Copy out the listing that follows, exact in every word, and skip the images.

*GIVEN DATA*
________

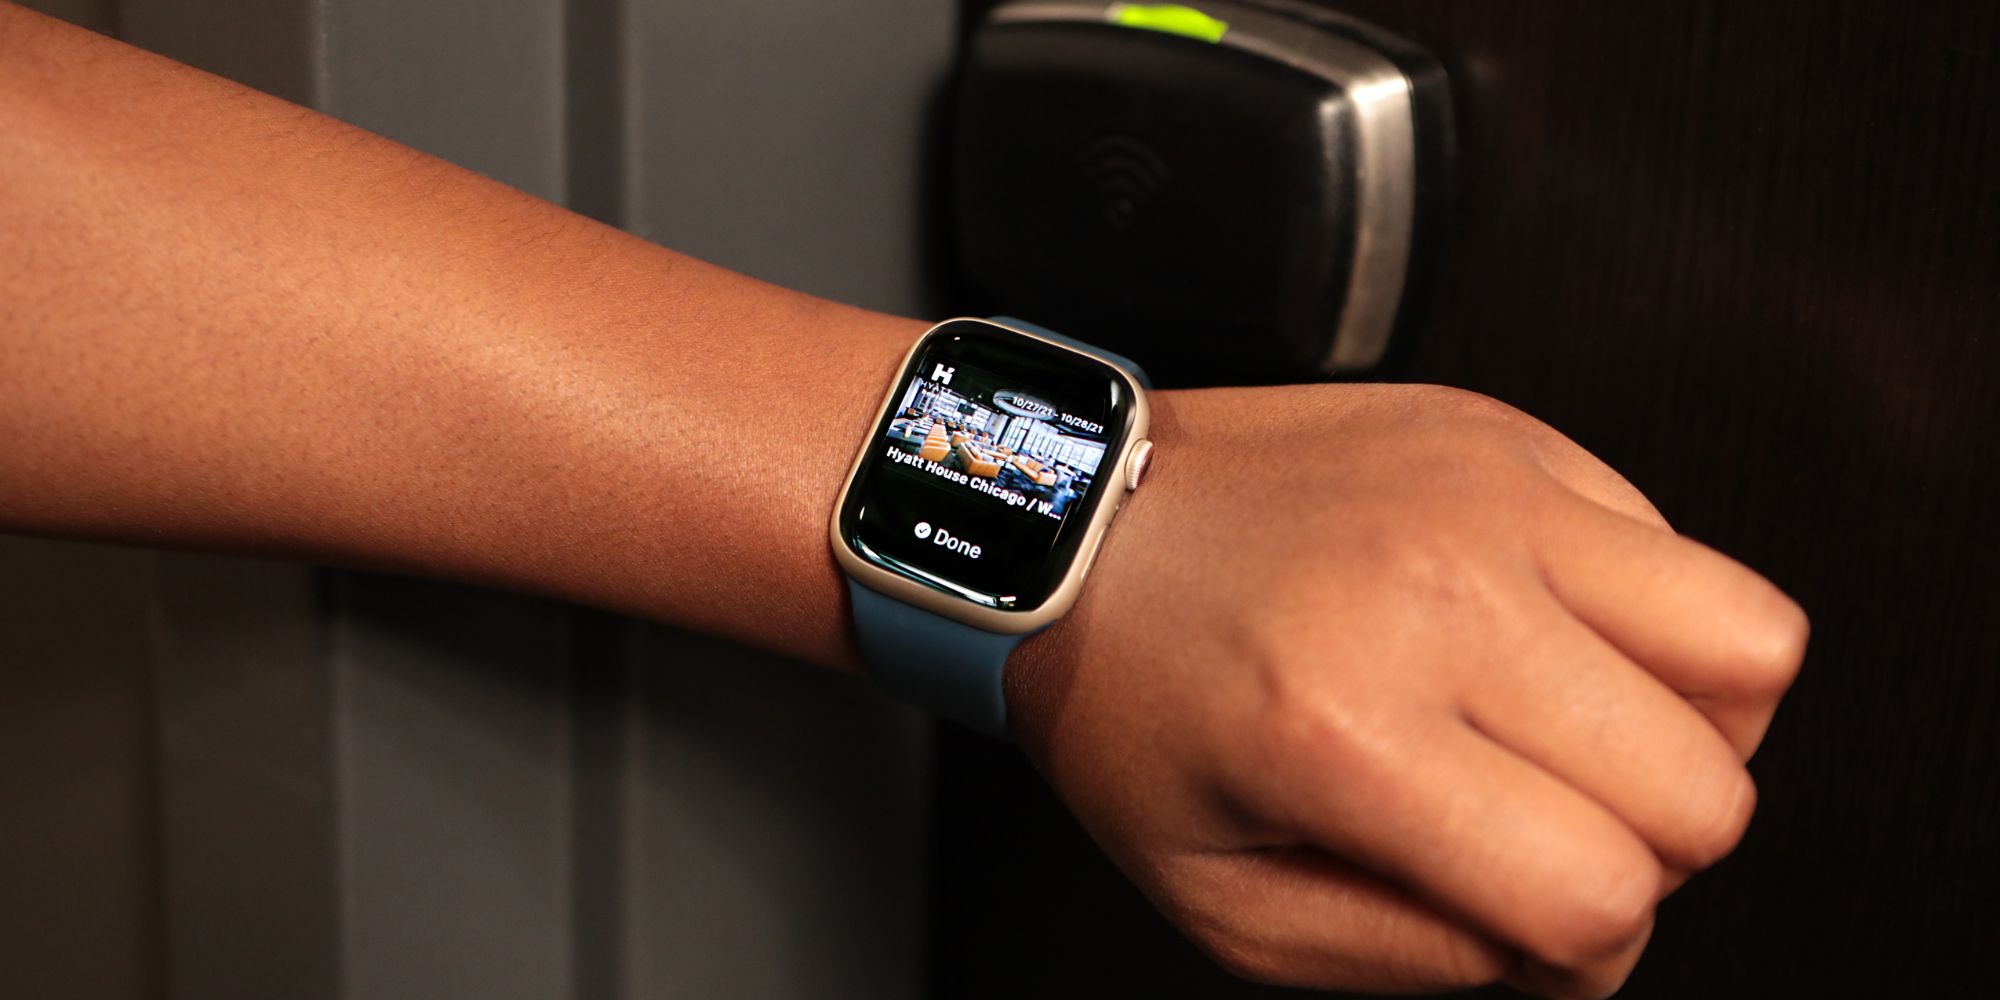 Using an Apple Watch to unlock a hotel room
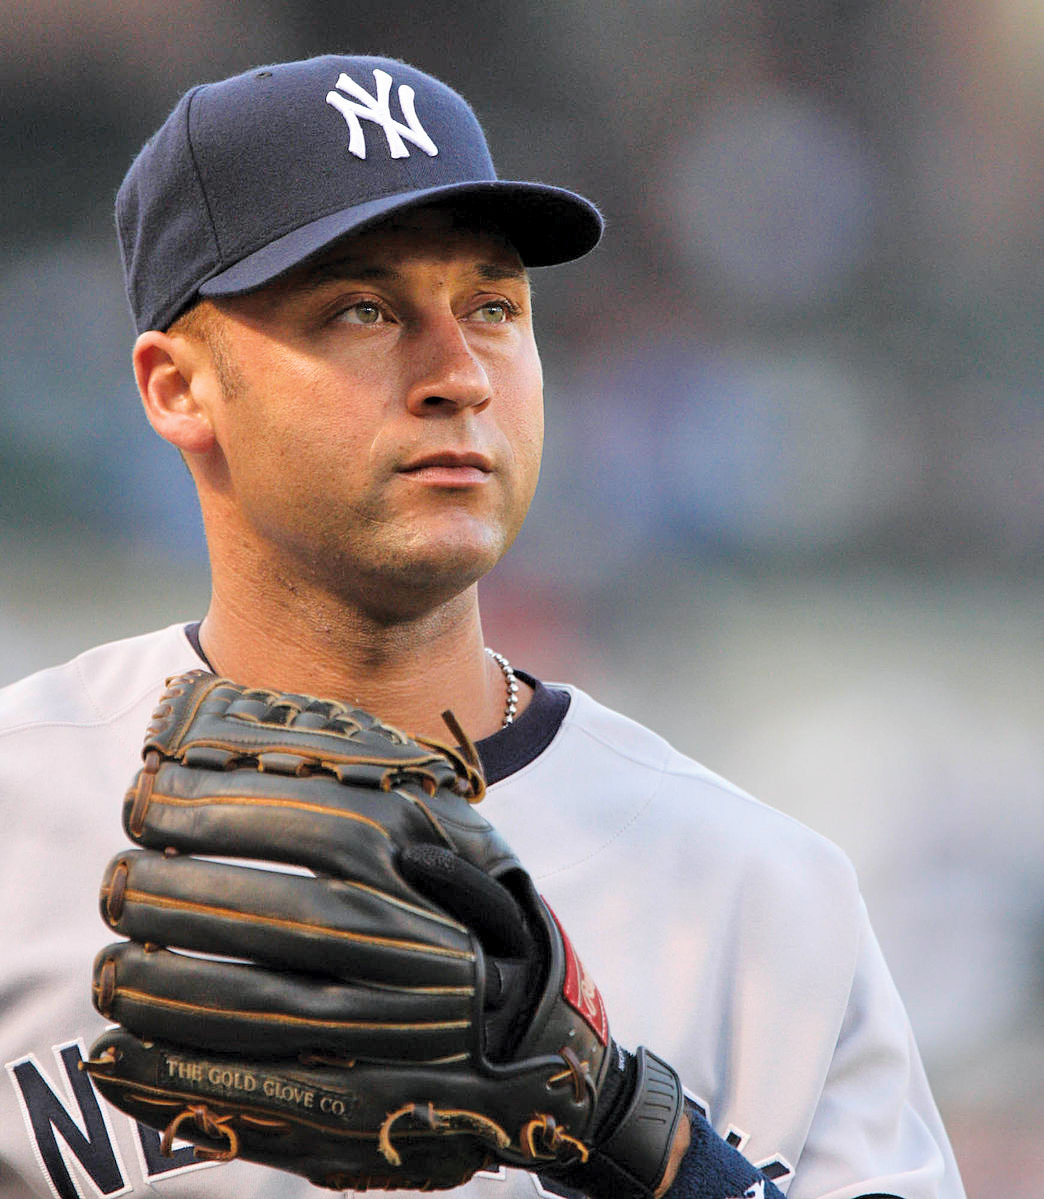 Derek Jeter, Larry Walker cement legacies with Hall of Fame selections ...
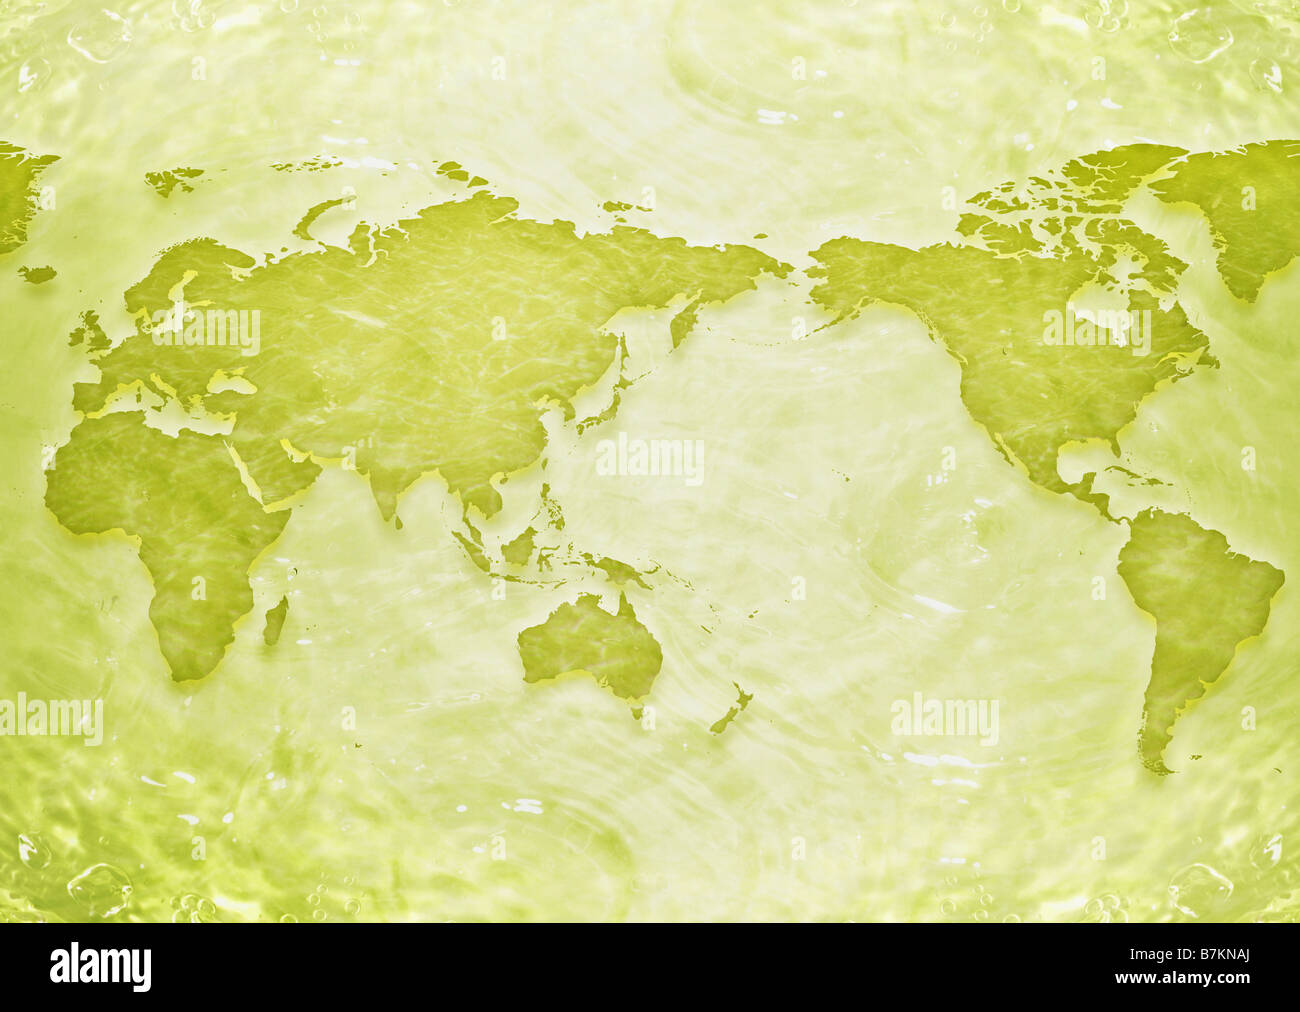 World map and water surface Stock Photo

________

*RESULT FOR THIS EXERCISE*
 Using an Apple Watch to unlock a hotel room
 Derek Jeter, Larry Walker cement legacies with Hall of Fame selections ...
 World map and water surface Stock Photo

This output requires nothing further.